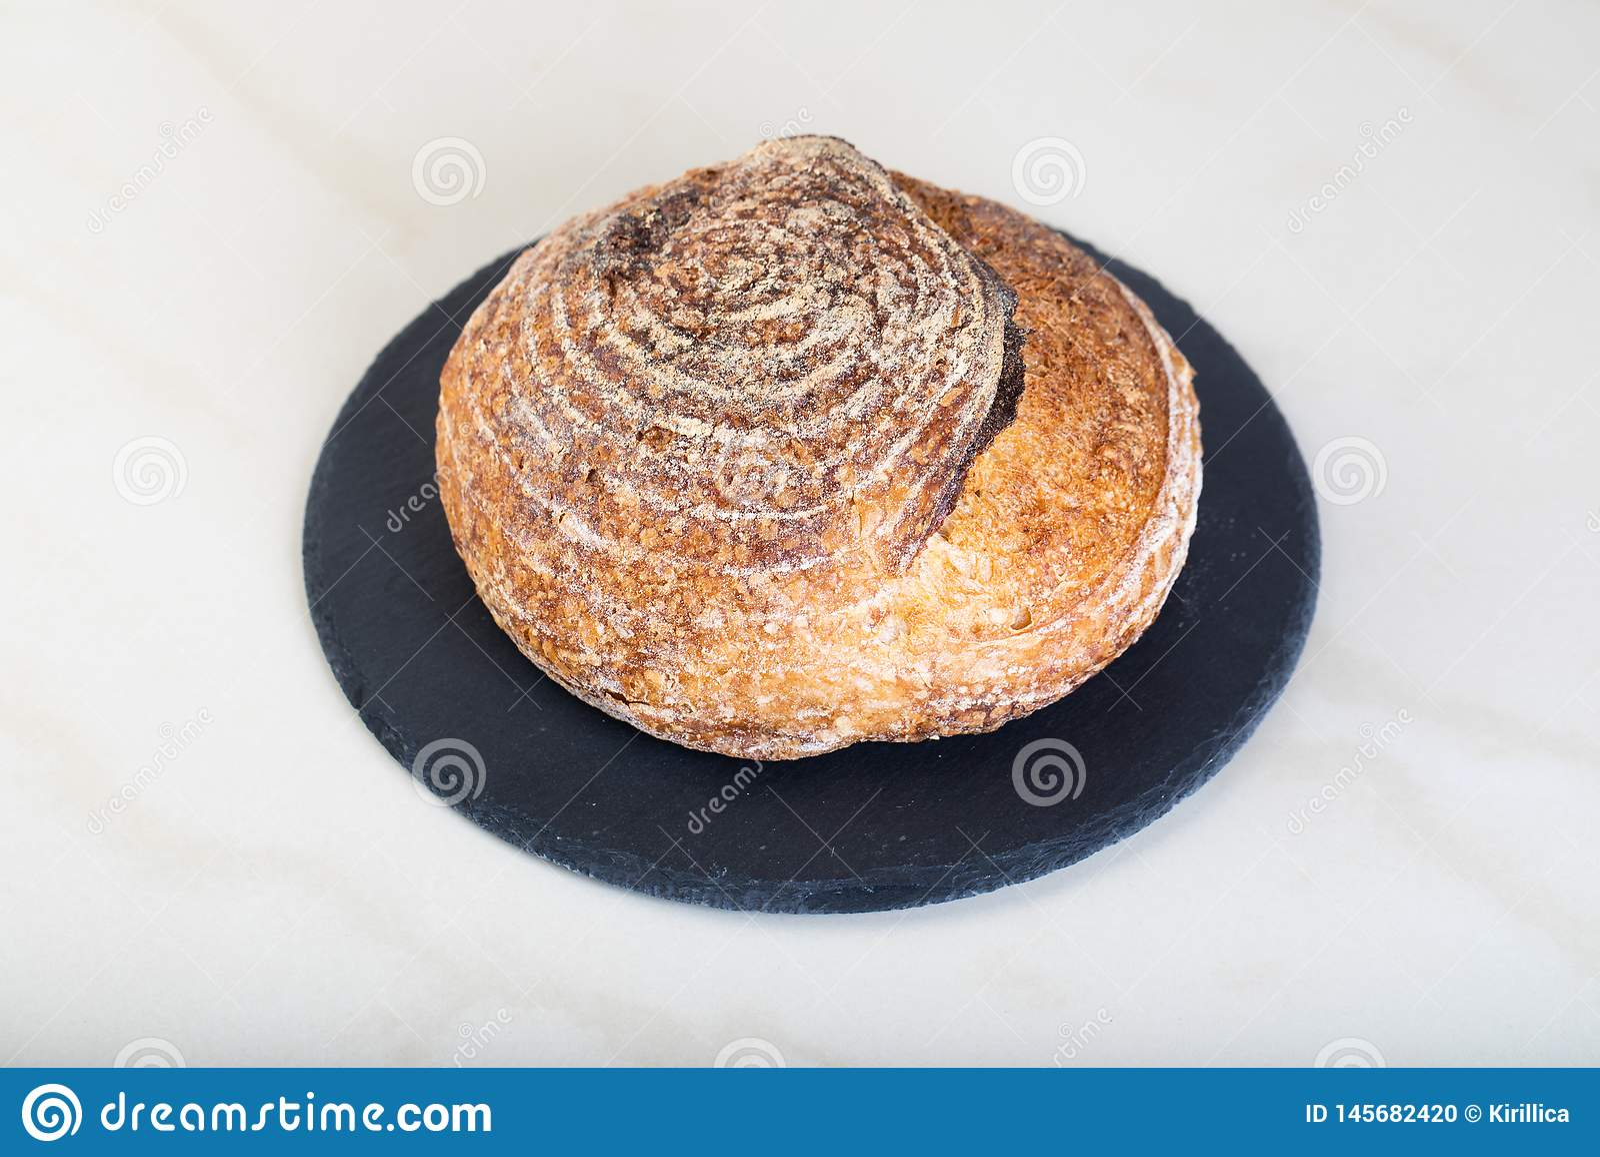 Fresh backed bread
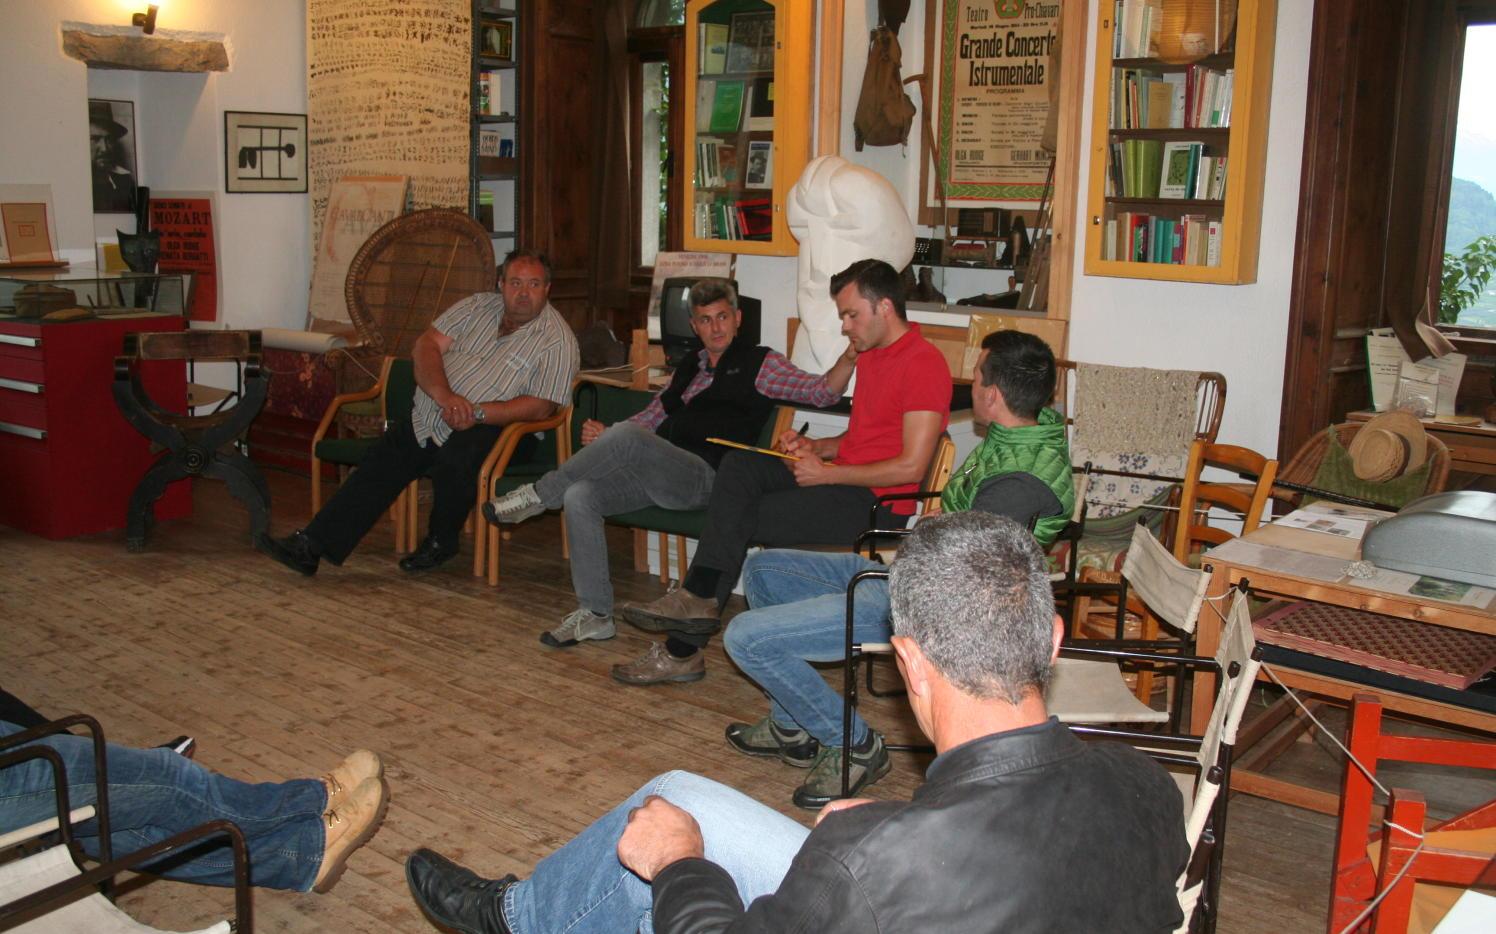 2014_Brunnenburg Dorf Tirol Bezirk_Bezirksklausur Offen Gredt 2
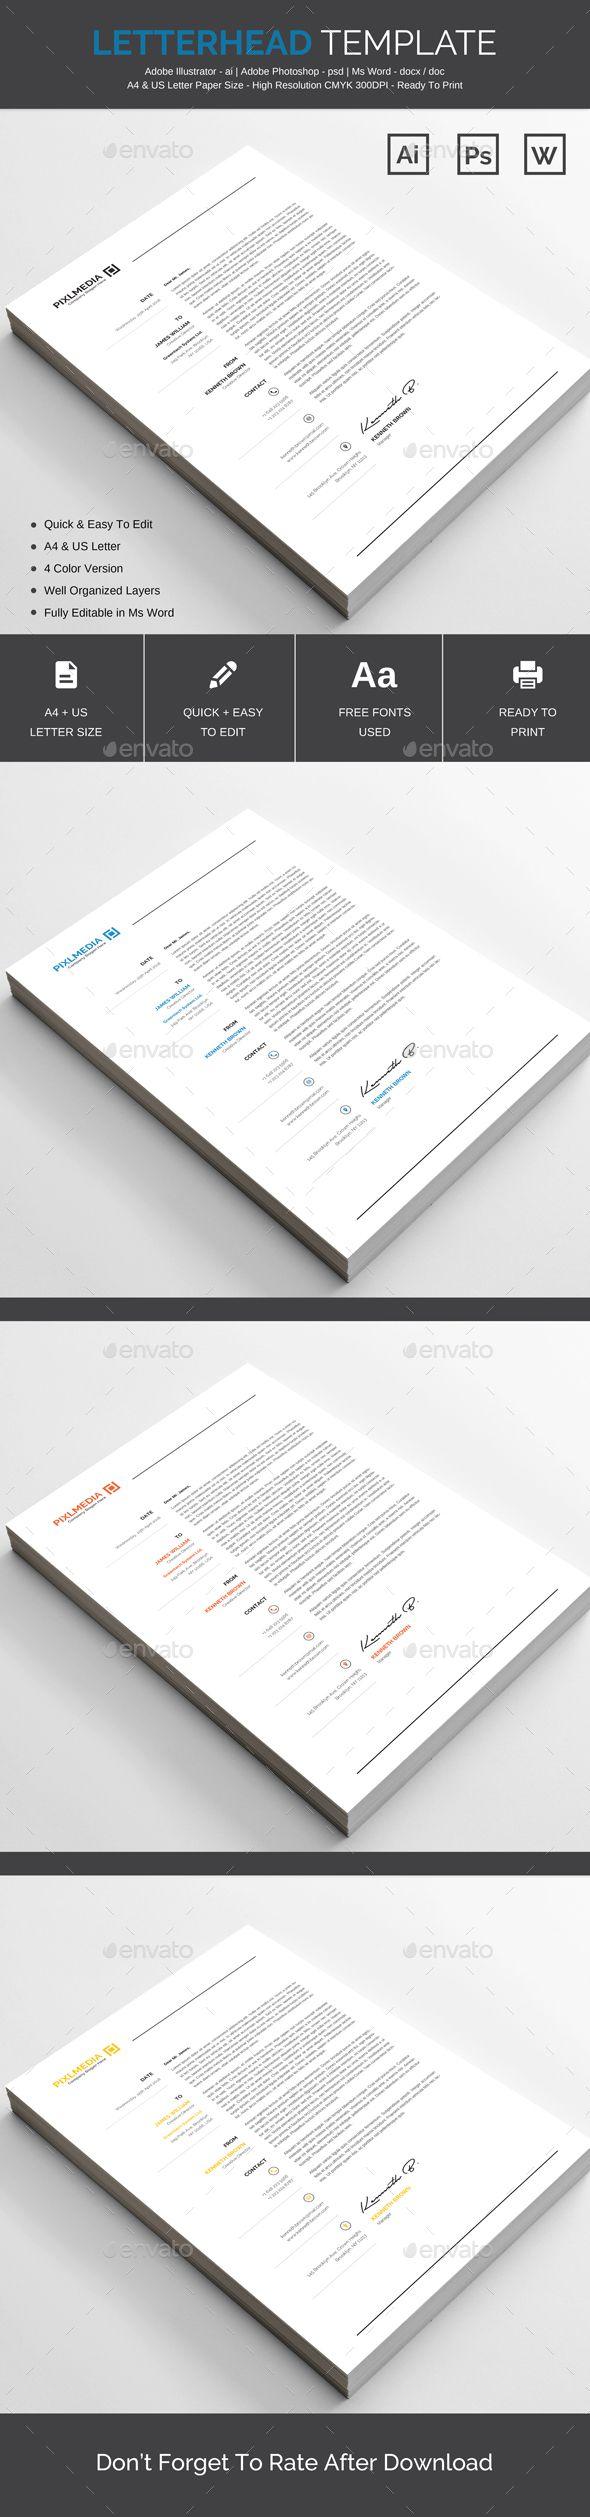 Letterhead pinterest stationery printing print templates and letterhead pinterest stationery printing print templates and letterhead design spiritdancerdesigns Gallery

**YOUR INSTRUCTIONS**
Where pictures sit among the data above, omit them, and output the rest exactly.

**TASK RESPONSE**
 Fresh backed bread
 2014_Brunnenburg Dorf Tirol Bezirk_Bezirksklausur Offen Gredt 2
 Letterhead pinterest stationery printing print templates and letterhead pinterest stationery printing print templates and letterhead design spiritdancerdesigns Gallery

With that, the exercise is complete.